On Thu, 19 Jan 2023 at 04:16, Greg Stark <stark(at)mit(dot)edu> wrote:
> I had a conversation a while back with Heikki where he expressed that
> it was annoying that we negotiate SSL/TLS the way we do since it
> introduces an extra round trip. Aside from the performance
> optimization I think accepting standard TLS connections would open the
> door to a number of other opportunities that would be worth it on
> their own.

I agree that this would be very nice.

> Other things it would open the door to in order from least
> controversial to most....
>
> * Hiding Postgres behind a standard SSL proxy terminating SSL without
> implementing the Postgres protocol.

I think there is also the option "hiding Postgres behind a standard
SNI-based SSL router that does not terminate SSL", as that's arguably
a more secure way to deploy any SSL service than SSL-terminating
proxies.

> * "Service Mesh" type tools that hide multiple services behind a
> single host/port ("Service Mesh" is just a new buzzword for "proxy").

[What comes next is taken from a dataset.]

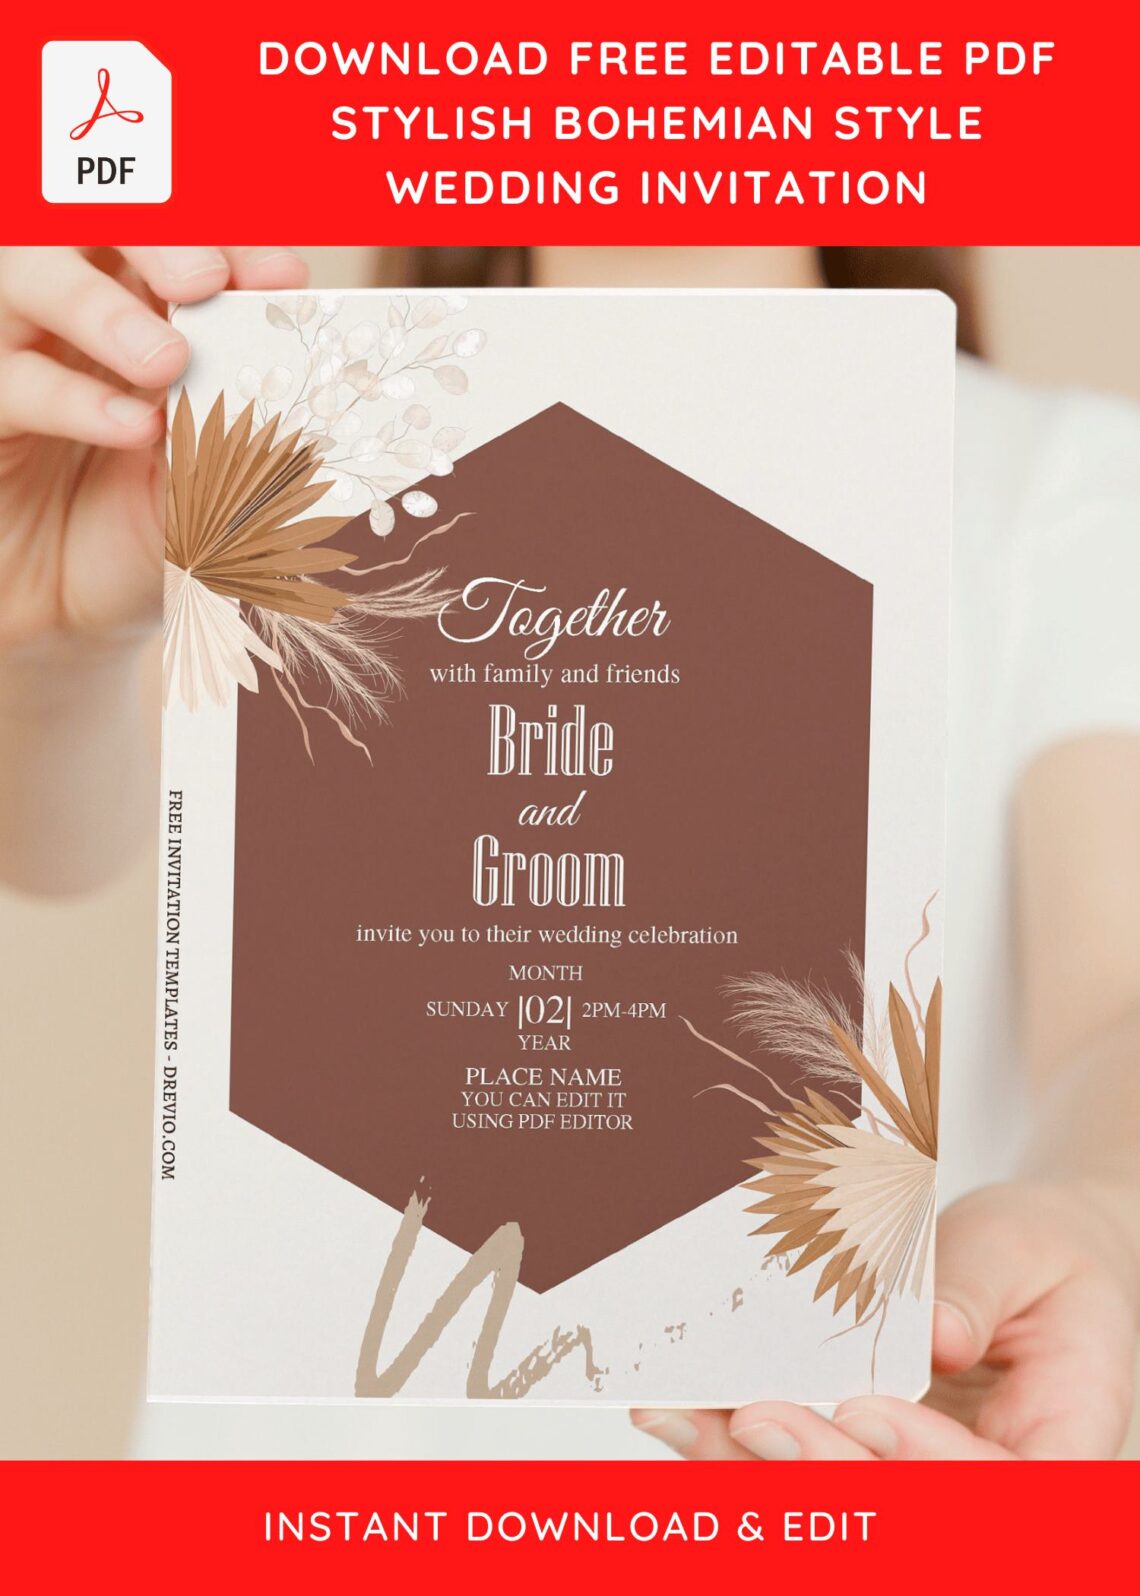 (Free Editable PDF) Earthy Bohemian Style Wedding Invitation Templates with gorgeous Pampas grass

People proxying PostgreSQL seems fine, and enabling better proxying
seems reasonable.

> * Browser-based protocol implementations using websockets for things
> like pgadmin or other tools to connect directly to postgres using
> Postgres wire protocol but using native SSL implementations.
>
> * Postgres could even implement an HTTP based version of its protocol
> and enable things like queries or browser based tools using straight
> up HTTP requests so they don't need to use websockets.
>
> * Postgres could implement other protocols to serve up data like
> status queries or monitoring metrics, using HTTP based standard
> protocols instead of using our own protocol.

I don't think we should be trying to serve anything HTTP-like, even
with a ten-foot pole, on a port that we serve the PostgreSQL wire
protocol on.

If someone wants to multiplex the PostgreSQL wire protocol on the same
port that serves HTTPS traffic, they're welcome to do so with their
own proxy, but I'd rather we keep the PostgreSQL server's socket
handling fundamentaly incapable of servicng protocols primarily used
in web browsers on the same socket that handles normal psql data
connections.

PostgreSQL may have its own host-based authentication with HBA, but
I'd rather not have to depend on it to filter incoming connections
between valid psql connections and people trying to grab the latest
monitoring statistics at some http endpoint - I'd rather use my trusty
firewall that can already limit access to specific ports very
efficiently without causing undue load on the database server.